Review: The Power Broker

The Power Broker: Robert Moses and the Fall of New YorkThe Power Broker: Robert Moses and the Fall of New York by Robert A. Caro

My rating: 5 of 5 stars

Many are concerned about the monuments of the West and the East—to know who built them. For my part, I should like to know who in those days did not build them—who were above such trifling.
—Henry David Thoreau

“Who’s Robert Moses?” I asked my brother, after he bought this book.

Well, who was he?

To drive from my house to the city, you need to take the Saw Mill Parkway, across the Henry Hudson Bridge, onto the Henry Hudson Parkway. Those roads, and that bridge, were built under the direction of Robert Moses. If you have a flight to catch, you take the Hutchinson Parkway across the Whitestone Bridge to the Whitestone Expressway, which takes you the JFK airport; these, too, are Moses constructions. To get from my house to my old university in Long Island, you can take Bronx-River Parkway, which links up with the Cross-Bronx Expressway; then cross over the Throgs Neck Bridge onto the Long Island Expressway or the Northern State Parkway—and that bridge, and every one of those highways, is a Moses project.

Who was Robert Moses? He had formed the world around me. Robert Moses was the most decisive figure in shaping 20th century New York. But what was his job?

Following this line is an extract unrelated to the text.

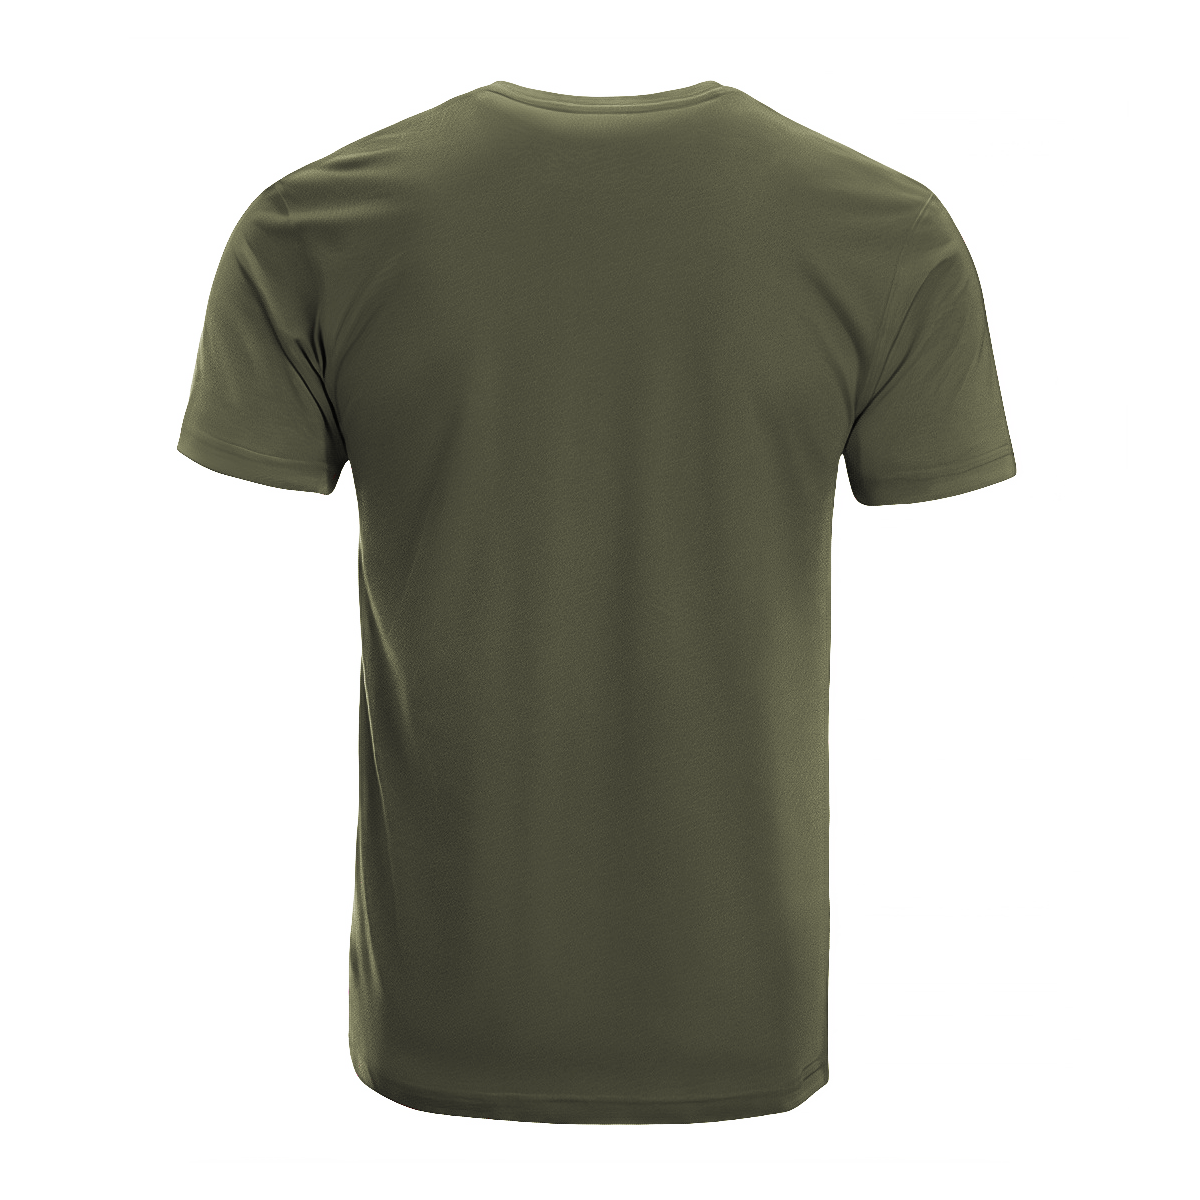 Auchinleck Tartan Crest T-shirt - I'm not yelling style

In his forty-four years as a “public servant”—from 1924 to 1968—Moses came to hold twelve titles simultaneously. He was the New York City Park Commissioner, with control over the city’s parks and parkways; he was the Long Island State Park Commissioner, with control over all the parks and public beaches on Long Island; he was the chairman of the Triborough Bridge Authority, with near-total autonomy from the city or state government. He was the chairman of the New York Power Authority, the chairman of the State Council of Parks, and the head of Title I, which oversaw all the public housing in New York City—and this is not to mention his membership on the City Planning Commission and the City Youth Board—and his eventual title as the City Construction Coordinator, which gave him control over nearly all public works in the city.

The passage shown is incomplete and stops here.